Adding the courier duties to her proofing duties meant that Fulkerson worked overtime every week. Her time cards for January and February 2010 show that she worked, on a weekly basis, 50.5 hours, 44.57 hours, 41.02 hours, 40.58 hours, 43.1 hours, 44.05 hours, 41 hours, 41.35 hours, and

41.25 hours.

In January of 2010, Tomkins changed its proofing procedures to a "remote capture" method.

This altered the type of documents Fulkerson transported between the branches and eliminated the requirement for her to do any proofing at Avon. In a meeting on January 15, Blake told Fulkerson that the courier arrangements would change and that she would thereafter work a 40 hour work, Monday through Friday. Thereafter, Fulkerson's only responsibility with respect to the branches at Avon, Abingdon, and Knoxville was acting as courier. In addition, Blake told her that she would no longer be reimbursed for mileage expenses.

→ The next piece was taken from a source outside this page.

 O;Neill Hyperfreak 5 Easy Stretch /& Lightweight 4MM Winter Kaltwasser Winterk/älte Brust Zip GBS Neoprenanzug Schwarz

Fulkerson responded that she did not want to do the bank's business in her personal vehicle if she was paying for her own gas and paying higher insurance rates. She asked to be assigned the Bank's van for her courier duties, but Blake denied her request. He told her to think about the changes over the weekend. There were several follow up conversations during the following week, and on January 22, Fulkerson told Blake she would continue to handle the courier duties.

Between February 27, 2010 and April 6, 2010, Fulkerson was on medical leave. In her absence, Michelle Hall performed the courier duties. Hall would clock in at Galesburg, take the Bank's van and make a morning run to Knoxville, Abington, the Data Center, the Avon Branch Knoxville and then back to Galesburg. According to Hall, it took her about one hour and 40 minutes to do the entire trip. She also testified that if she was doing courier duties, she was always on the clock, and if she had to use her own car for some reason, she was paid mileage.

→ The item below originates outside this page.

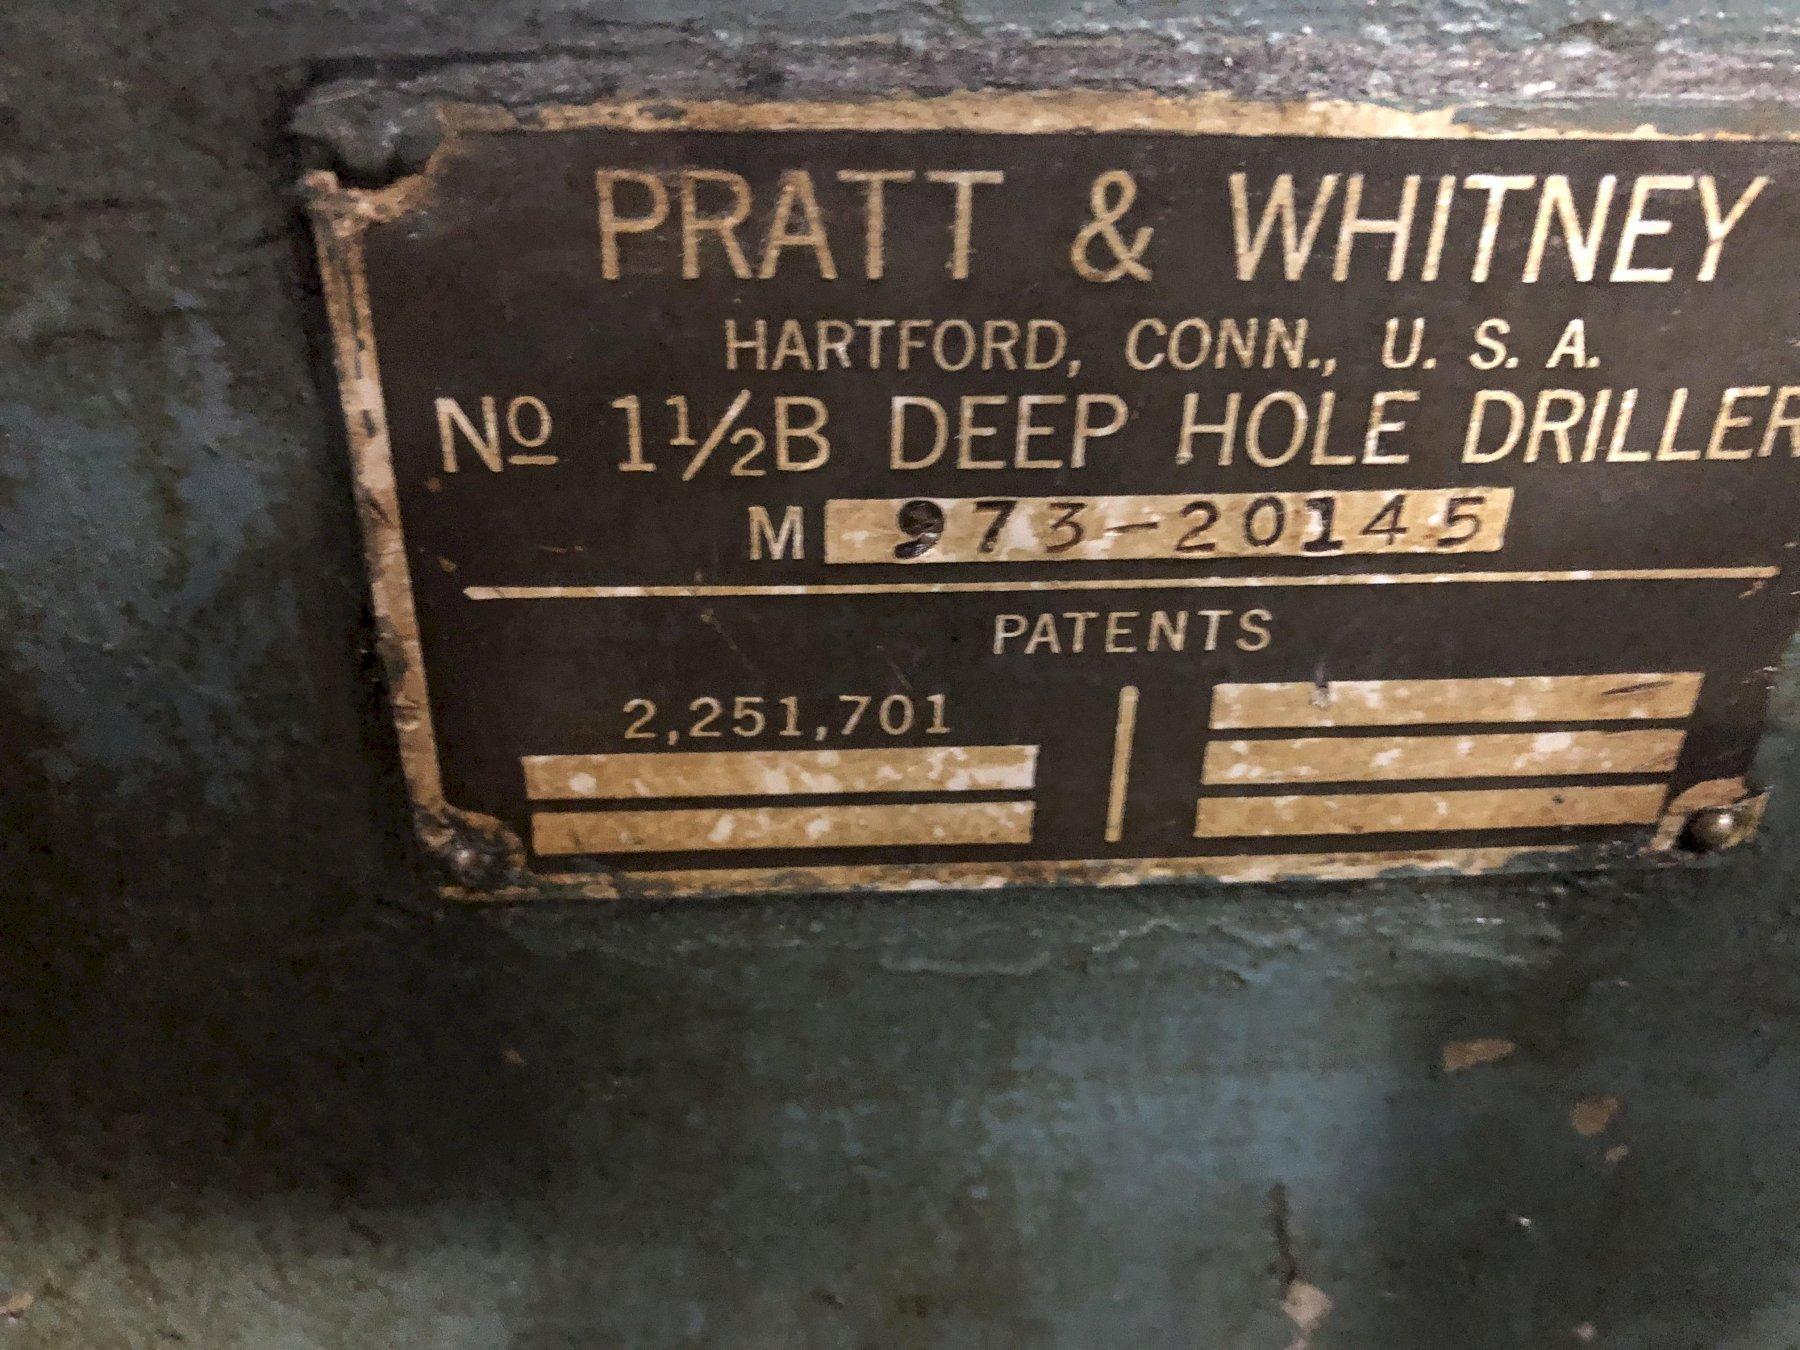 "1 ½B x 81"" Pratt & Whitney Deep Hole Drilling Machine"

On April 27, 2010, Fulkerson received an email from Blake. This email read:

Donna, our agreement concerning your time card was you were to punch in each morning at Avon and punch out at Galesburg each evening with and [sic] additional 30 minutes drive time added to your card each day. I understand you are punching out at Avon each evening. Please begin punching out at Galesburg beginning today." Fulkerson spoke with him later that day. Fulkerson asked Blake if she could perform the courier duties in the same way that Hall had, namely come to Galesburg and clock in and then take the Bank's van to make a courier run. Blake denied that request. After the rest of their conversation (the substance of which is disputed; see below), Fulkerson punched out for the day, going directly home and leaving all documents in Galesburg. The next morning, Fulkerson punched in at the Avon branch and drove to the Galesburg branch. Blake, who had determined that she was insubordinate for leaving the previous day without the courier work, terminated her employment.

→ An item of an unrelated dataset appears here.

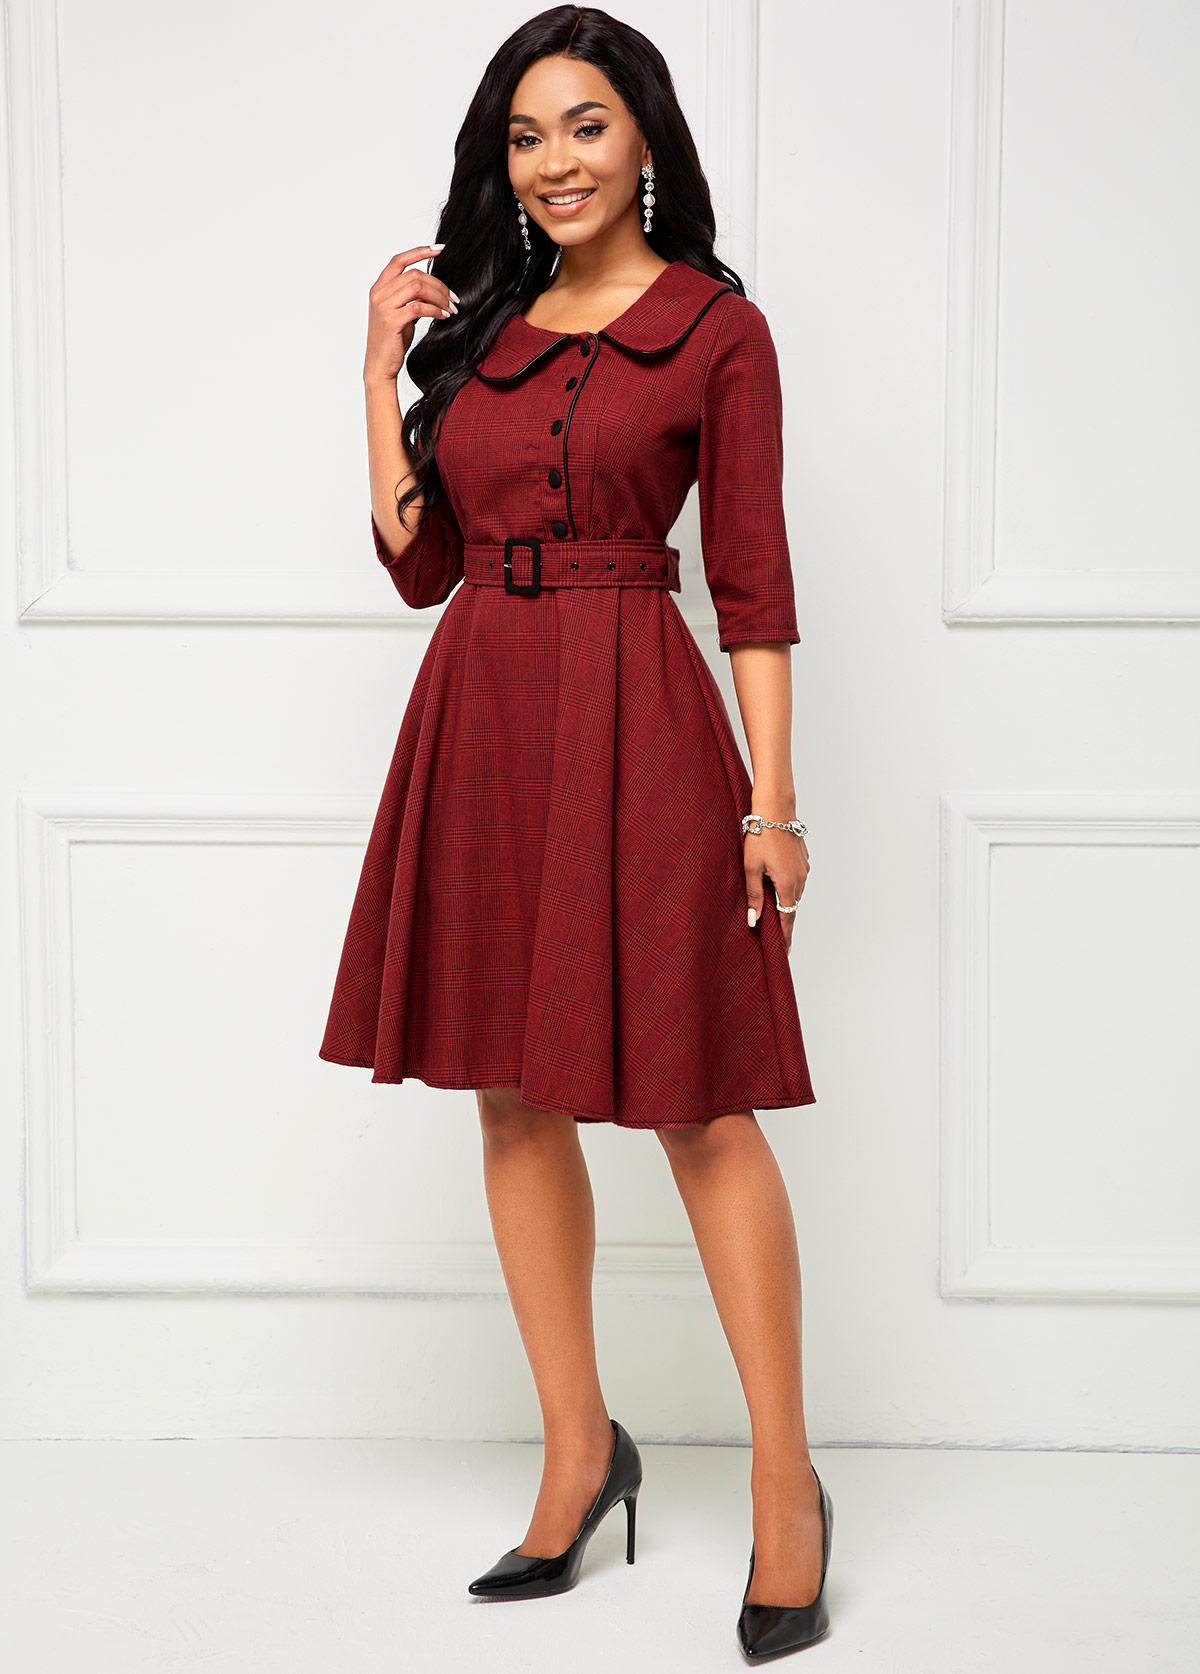 Buckle Belted Turndown Collar Vintage Dress

This is the big picture of what occurred. Many details are disputed. For example, prior to January 15, 2010, Fulkerson had begun traveling to the Knoxville branch to pick up their documents, rather than meeting the employee on the highway, a change that added additional time to her courier duties; according to Fulkerson, the actual drive time was about 45 minutes, in addition to the time spent actually getting the documents from inside the Knoxville branch and returning to her car. The parties dispute whether McElrea requested this change and whether Blake was aware of this change when he and Fulkerson spoke in January. He agrees that he learned of this "sometime after January", while Fulkerson asserts that she told him of this during their conversations on January 15. During the January conversations, they also dispute whether Blake told Fulkerson that her job was on the line. Fulkerson says she was told that if she did not continue to do the courier job with the changes he had outlined, they would hire someone else. Blake denies this part of the conversation.

The parties also dispute the substance of the April 27 conversation between Blake and Fulkerson. Most importantly, they dispute whether Fulkerson told him specifically that she was not going to perform the courier duties at the end of that day. Fulkerson's version of the conversation is that she stated that "this isn't right," explaining that the courier duties took longer than 30 minutes, while Blake denies that he received any such information from Fulkerson during that conversation. Fulkerson also claims to have told Blake that she would go ahead and clock out in Galesburg as he requested, but that she would not perform courier duties if she was clocked out. As she put it, "when I clock out I'm on my time and would be going home." Blake denies that this statement was made.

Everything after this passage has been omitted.